Jan 26 15:18:36 hiqa-sys-rhel2 kernel: connection480:0: iscsi_tcp_recv_skb in 24 bytes
Jan 26 15:18:36 hiqa-sys-rhel2 kernel: connection480:0: iscsi_tcp_recv_skb skb ffff8810313ebeb8 ptr=ffff88102d2756a4 avail=24
Jan 26 15:18:36 hiqa-sys-rhel2 kernel: connection480:0: iscsi_tcp_segment_done copied 0 0 size 24 recv
Jan 26 15:18:36 hiqa-sys-rhel2 kernel: connection480:0: iscsi_tcp_segment_recv copying 24
Jan 26 15:18:36 hiqa-sys-rhel2 kernel: connection480:0: iscsi_tcp_segment_done copied 0 24 size 24 recv
Jan 26 15:18:36 hiqa-sys-rhel2 kernel: connection480:0: iscsi_tcp_segment_done total copied 24 total size 24
Jan 26 15:18:36 hiqa-sys-rhel2 kernel: connection480:0: iscsi_tcp_recv_skb segment done
Jan 26 15:18:36 hiqa-sys-rhel2 kernel: connection480:0: iscsi_tcp_hdr_recv_prep (digest disabled)
Jan 26 15:18:36 hiqa-sys-rhel2 kernel: connection480:0: iscsi_tcp_recv_skb in 0 bytes
Jan 26 15:18:36 hiqa-sys-rhel2 kernel: connection480:0: iscsi_tcp_recv_skb no more data avail. Consumed 0
Jan 26 15:18:36 hiqa-sys-rhel2 kernel: connection480:0: iscsi_sw_tcp_recv read 0 bytes status 1
Jan 26 15:18:39 hiqa-sys-rhel2 kernel: connection480:0: iscsi_sw_sk_state_check TCP_CLOSE|TCP_CLOSE_WAIT
Jan 26 16:04:49 hiqa-sys-rhel2 kernel: connection480:0: detected conn error (1020) ISCSI_ERR_TCP_CONN_CLOSE

Data IP intermittent failures.

[root@hiqa-sys-rhel2 ~]# cat /sys/class/iscsi_connection/connection480\:0/address 
cat: /sys/class/iscsi_connection/connection480:0/address: Transport endpoint is not connected
[root@hiqa-sys-rhel2 ~]# cat /sys/class/iscsi_connection/connection480\:0/address 
172.18.80.95
[root@hiqa-sys-rhel2 ~]# cat /sys/class/iscsi_connection/connection480\:0/address
172.18.80.95
[root@hiqa-sys-rhel2 ~]# cat /sys/class/iscsi_connection/connection480\:0/address
172.18.80.95
[root@hiqa-sys-rhel2 ~]# cat /sys/class/iscsi_connection/connection480\:0/address
cat: /sys/class/iscsi_connection/connection480:0/address: Transport endpoint is not connected


Discovery IP is fine.

[root@hiqa-sys-rhel2 ~]# cat /sys/class/iscsi_connection/connection480\:0/persistent_address 
172.18.80.96
[root@hiqa-sys-rhel2 ~]# cat /sys/class/iscsi_connection/connection480\:0/persistent_address 
172.18.80.96
[root@hiqa-sys-rhel2 ~]# cat /sys/class/iscsi_connection/connection480\:0/persistent_address 
172.18.80.96
Comment 6 shivamerla1 2016-01-27 16:50:00 EST
I see that session ISID is determinted as below.

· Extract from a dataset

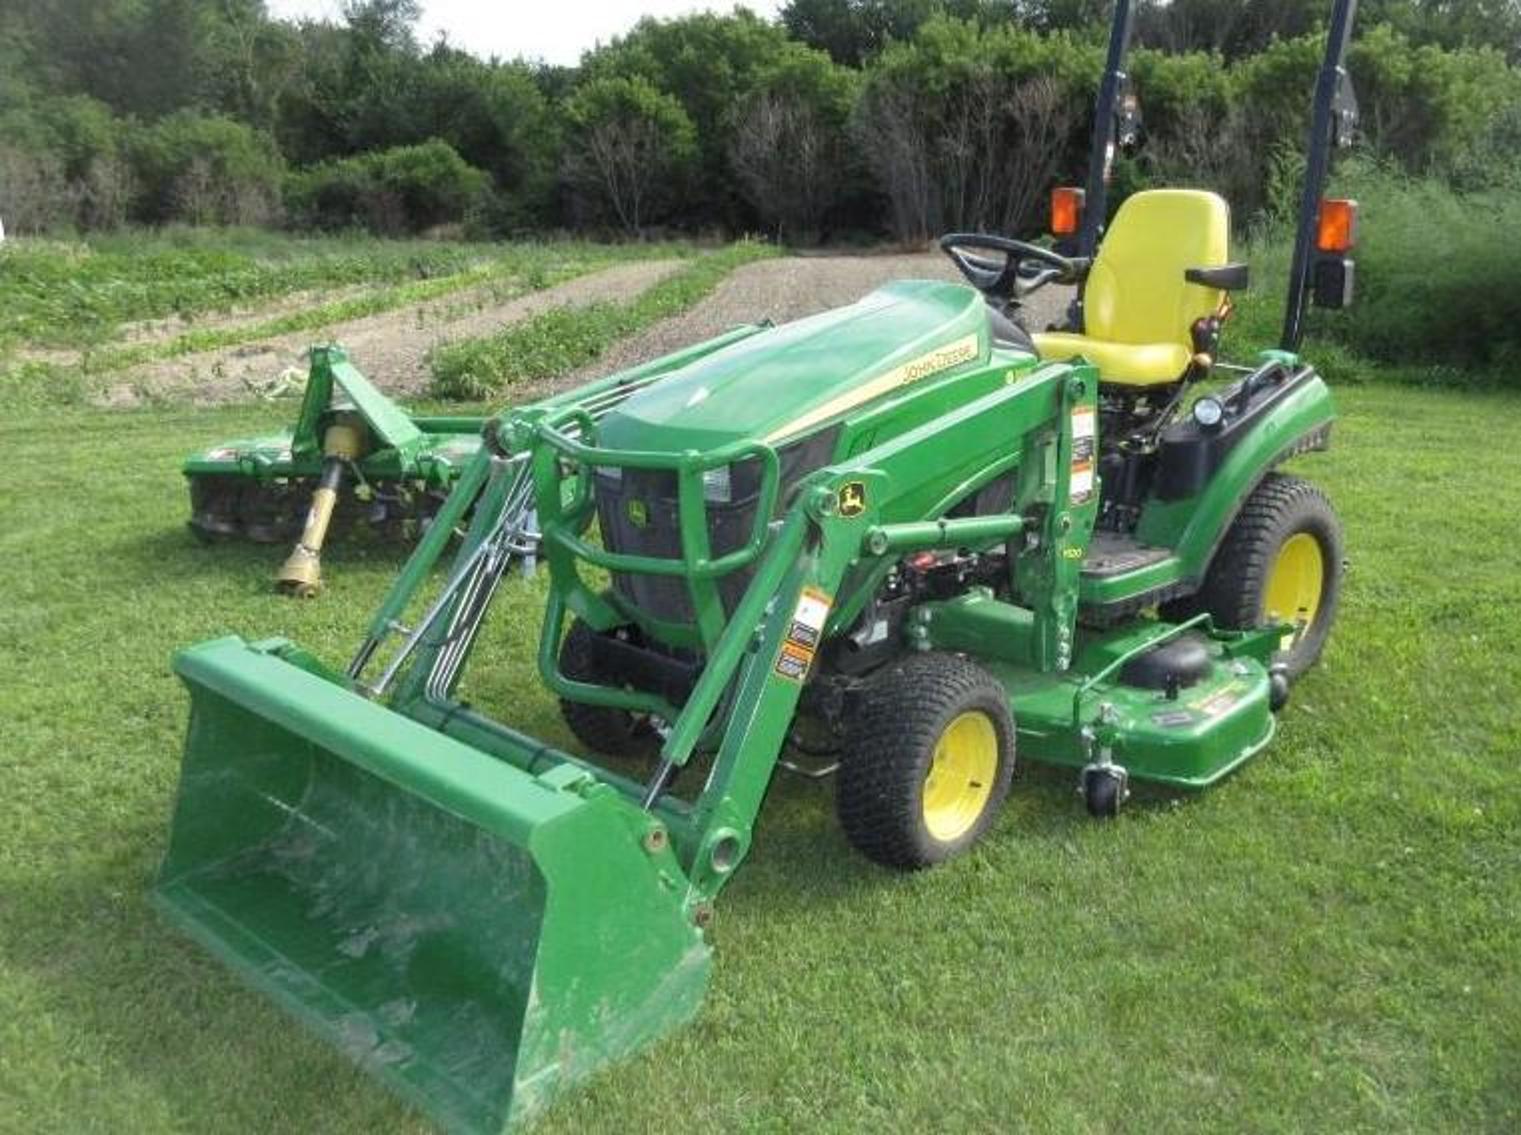 Compact Tractors, Farm Machinery, Trailers, Tools, Misc. and More

/* OUI and uniqifying number */
        session->isid[0] = DRIVER_ISID_0;
        session->isid[1] = DRIVER_ISID_1;
        session->isid[2] = DRIVER_ISID_2;
        session->isid[3] = 0;
        session->isid[4] = 0;
        session->isid[5] = 0;

/*
 * TODO: use the iface number or some other value
 * so this will be persistent
 */
       session->isid[3] = session->id;


Only least significant byte of session SID is used here. Hence for mulitple sessions the ISID can be same.

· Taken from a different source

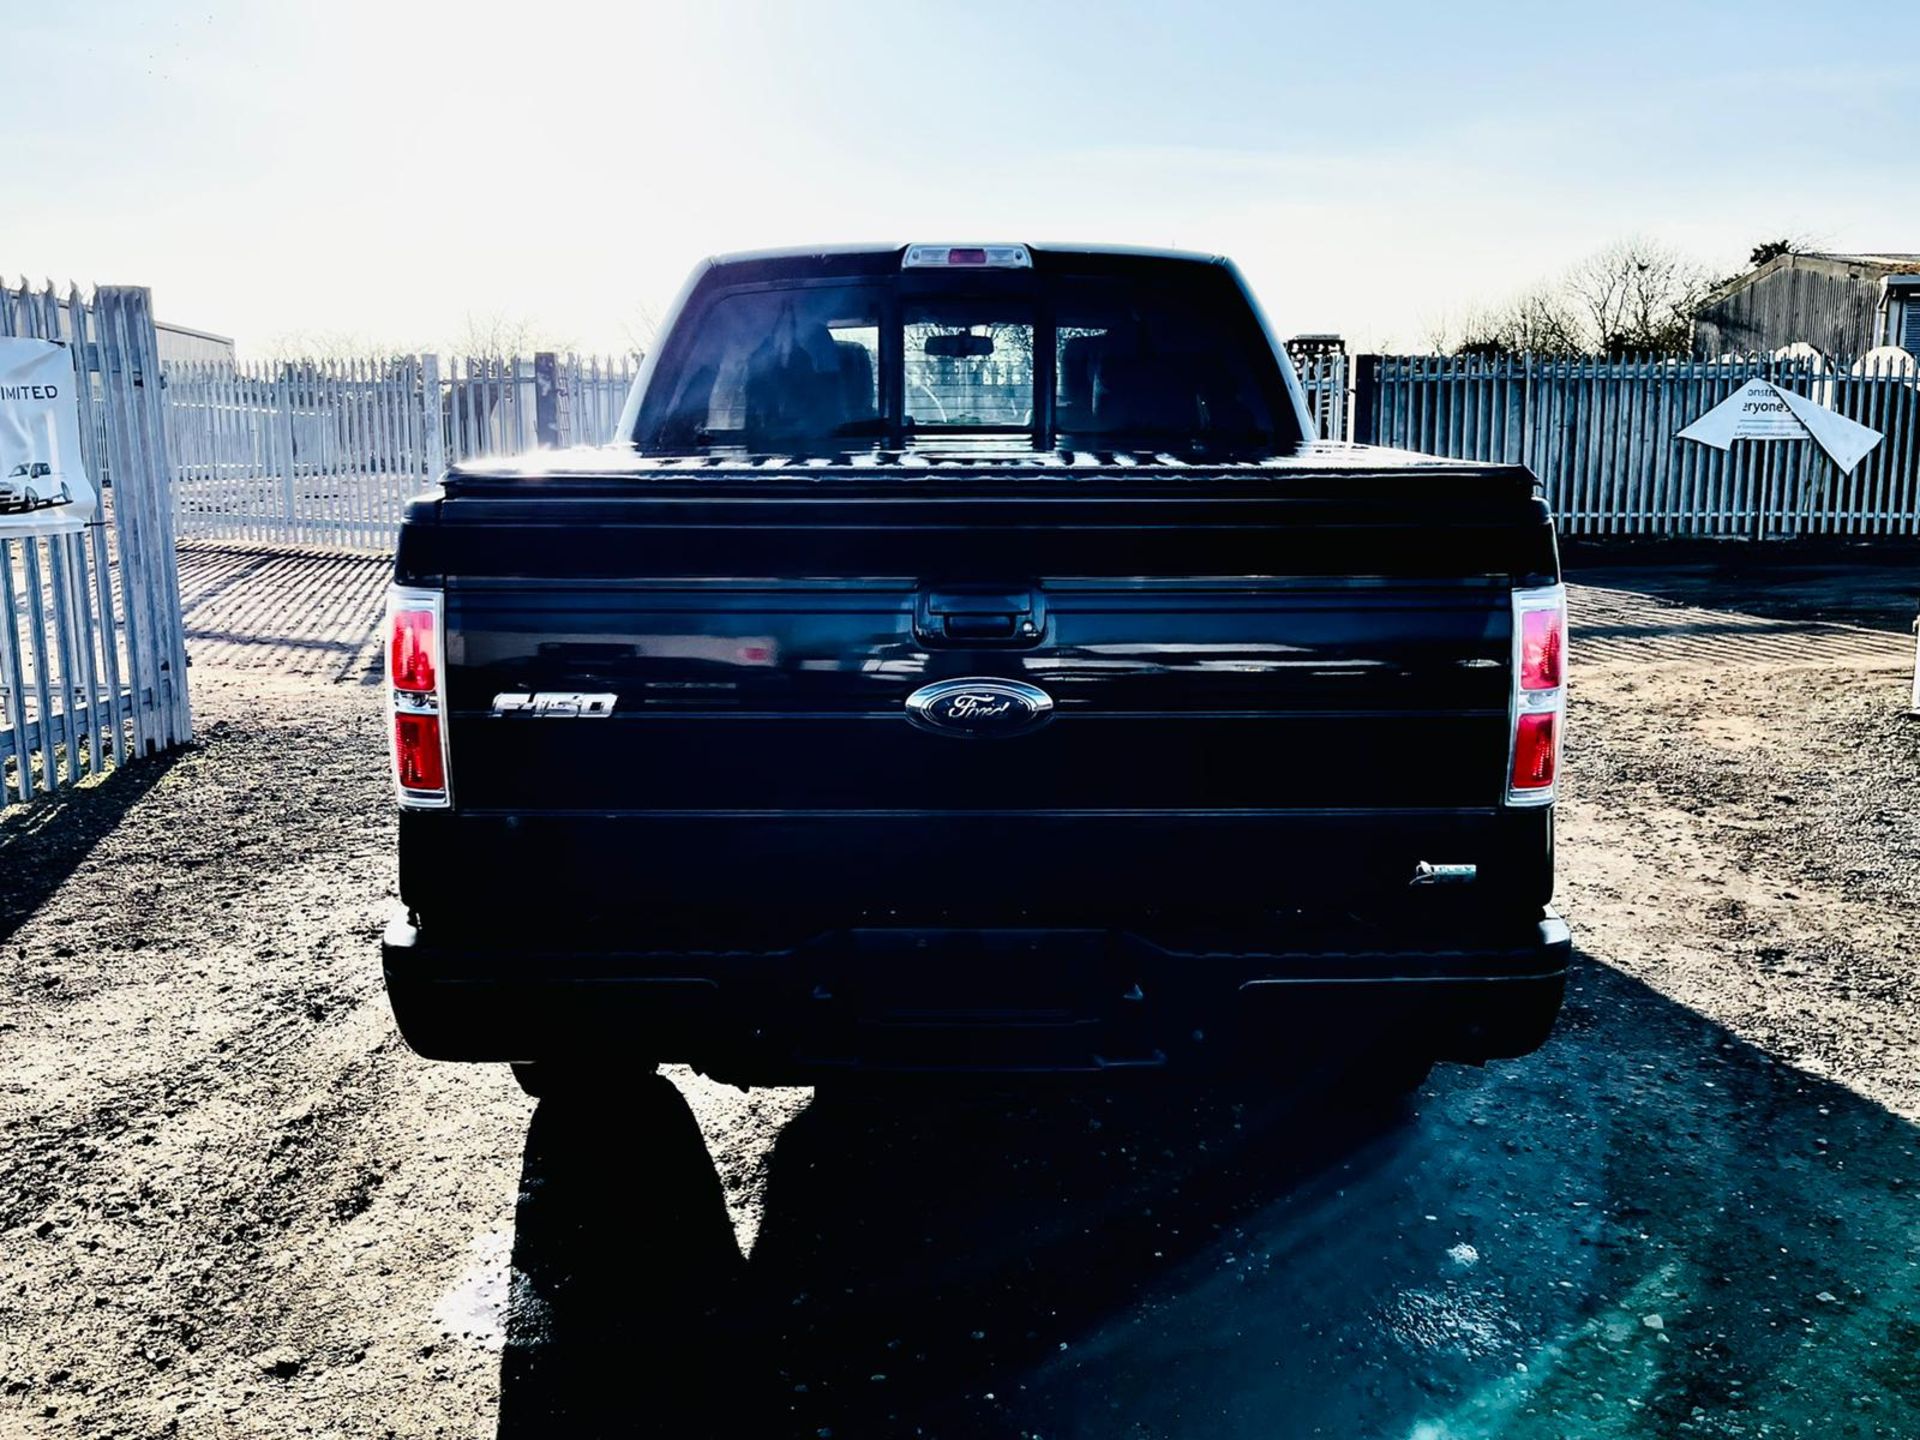 Ford F-150 5.4L V8 SuperCab 4WD FX4 Edition '2010 Year' Colour Coded Package - Top Spec - Image 15 of 44

    SID: session->id    ISID
    480:  e0      --> 0x00023de00000
    224:  e0      --> 0x00023de00000

    544:  10      --> 0x00023d100000
    528:  10      --> 0x00023d100000

    545:  21      --> 0x00023d210000
    289:  21      --> 0x00023d210000


If these sessions belong to same volume then target is reinstating(closing) existing sessions before connecting new ones. This is causing TCP_CONN_CLOSE errors and unnecessary recovery actions.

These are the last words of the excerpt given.